Tempest is a yellow crookneck squash that is vibrant yellow and has distinctive ridges. But where it really shines, he says, is in the kitchen: It retains its nutty flavor and firm texture even when cooked, whether it is grilled, roasted, braised or pickled.

Likewise, the catalog describes Zephyr as nutty with a firm texture. But what makes Zephyr really exceptional is its looks.
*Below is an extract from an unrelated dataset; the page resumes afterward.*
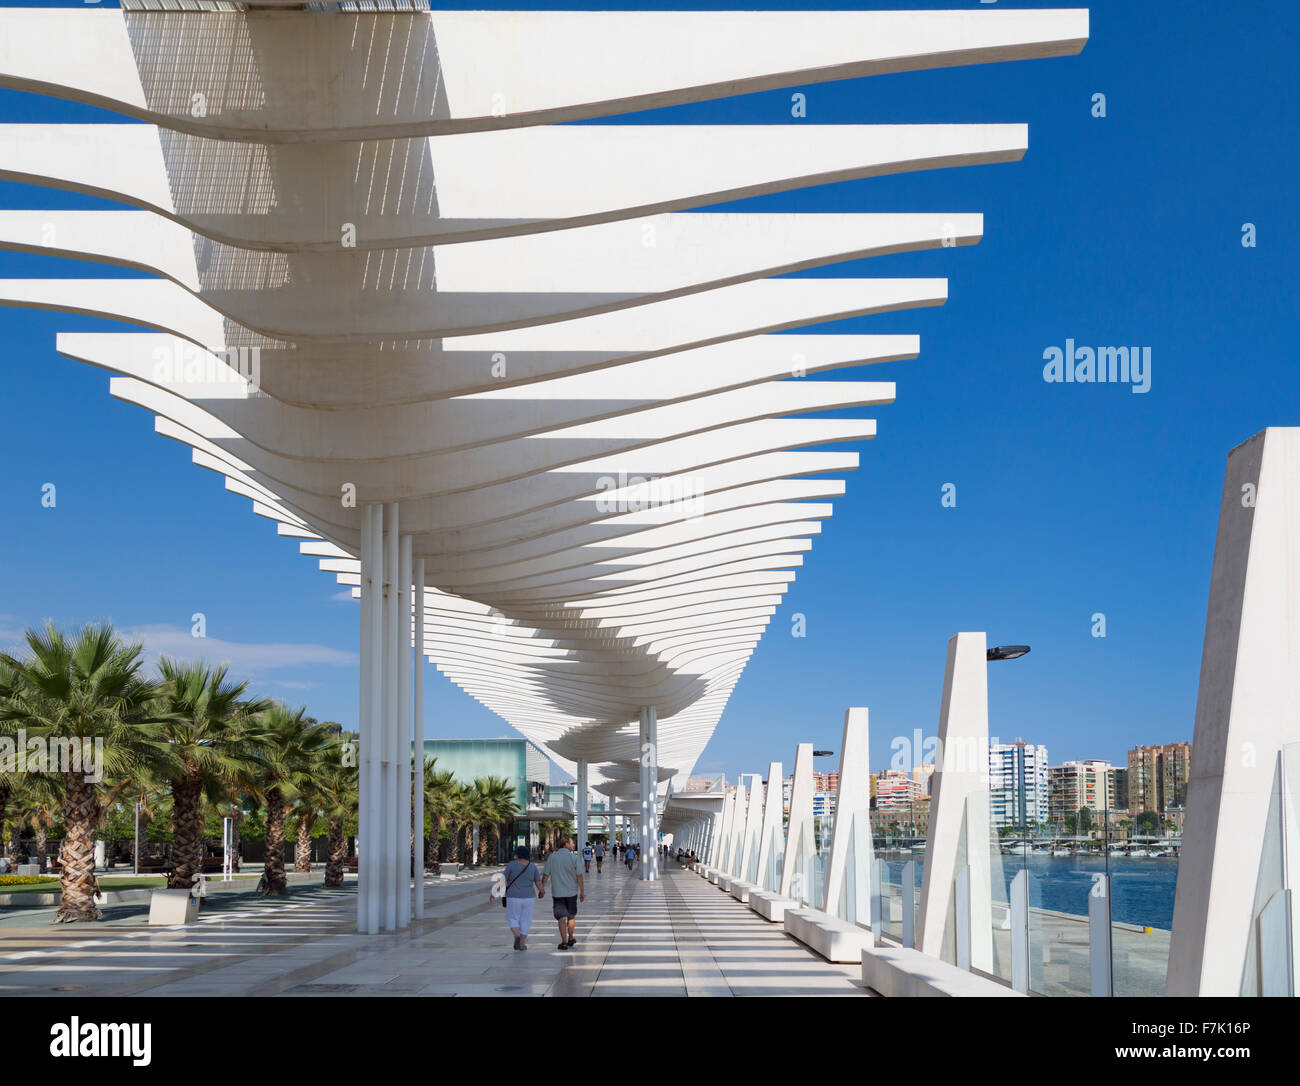 Malaga, Costa del Sol, provincia di Malaga, Andalusia, Spagna meridionale. El Muelle Onu (Dock uno). Passeggiata sul mare al porto di Malaga. Foto Stock

Its yellow skin has faint white stripes, and it’s light green at the blossom end.

“We entered both for AAS and were really surprised when they both didn’t win,” Johnston said. “It could be that the judges didn’t cook-test them, which is where they stand out.”

Johnny’s catalog features many other introductions, as well, but if you’re looking to try something new next spring, the AAS winners and wannabe winners are good places to start.


The Organic Potato Plant Detective, a new product from Wood Prairie Family Farm in Aroostook County, won a national Green Thumb Award from the Direct Marketing Association. Company founder Jim Gerritsen, who recently turned the operation over to his son Caleb, said the new product stemmed from a discussion the two had about how they use two varieties, King Harry and Island Sunshine, as bellwethers to figure out problems in a potato field.


King Harry, which has hairy leaves, is resistant to insect damage and Island Sunshine is disease resistant. So if most potatoes in a field are doing poorly, but King Harry is strong, the problem is insects. If Island Sunshine is doing well, the problem is disease.

“The product comes with a flow chart so you can follow things along, and it makes recommendations,” Gerritsen said.

Another potato he likes is Yukon Gem, which tastes like Yukon Gold, but is more disease resistant, according to the catalog.


For the first time, Pinetree Garden Seeds in New Gloucester is offering herb plants to give you a head start on the growing season. “Certain herbs are unavailable from seed, or slow to start, grow and harvest within one season,” the catalog says to explain the addition.

I’m interested in the mushroom plant, Rungia klossii, an herb with a texture like spinach but a taste like mushrooms, according to the catalog. It’s the first I’ve heard about this plant, and I’m intrigued.


MY OBSERVATIONS in this column come from a first look-see through the catalogs. I received out-of-state catalogs, too, but they lack the aura of Maine catalogs. Most seed sellers in Maine develop and/or trial their own plants and seeds, which really increases their reputation.

When my wife and I start actually preparing our orders, I’m sure I’ll find other flowers or vegetables that I just have to try. Mostly, I just want to get back outside without freezing my mustache, but we all know that is months away. (Or maybe not – as I write, the radio weather report has just mentioned “January thaw.”)


If you are an original back-to-the-lander, an aging hippie, a reformed hippie or any of their literal or philosophical descendants, Fedco Catalog is for you. Fedco, a cooperative in Clinton, keeps its prices low, which suits a crowd for whom money matters less than dreams. Fedco has a serious mission – to protect the environment and the availability of single-source seeds – but realizes that being serious does not mean you can’t have a sense of humor. Black and white line drawings – such as two intertwined and romantically inclined parsnips – throughout.

If you’re the sort of gardener who wants the very best, pick up a copy of Johnny’s Selected Seeds catalog. The company, which is employee-owned and based in Winslow, hybridizes award-winning plants and sells the best plants created by others. It’s also a go-to source for heirloom varieties. The catalog features wonderful color photos of the plants and top-quality tools for sale.

Pinetree Garden Seeds, in New Gloucester, is for the suburban gardener. It sells seeds in smaller packets, just enough for a small plot in the back yard, so you aren’t forced to spend money on seed you don’t need.

Bridgewater-based Wood Prairie Family Farm specializes in spuds – although it has expanded into vegetable seeds. Everything it sells is organic. One of the company’s founders, Jim Gerritsen, is well-known for a lawsuit he helped lead against Monsanto and its genetically modified products.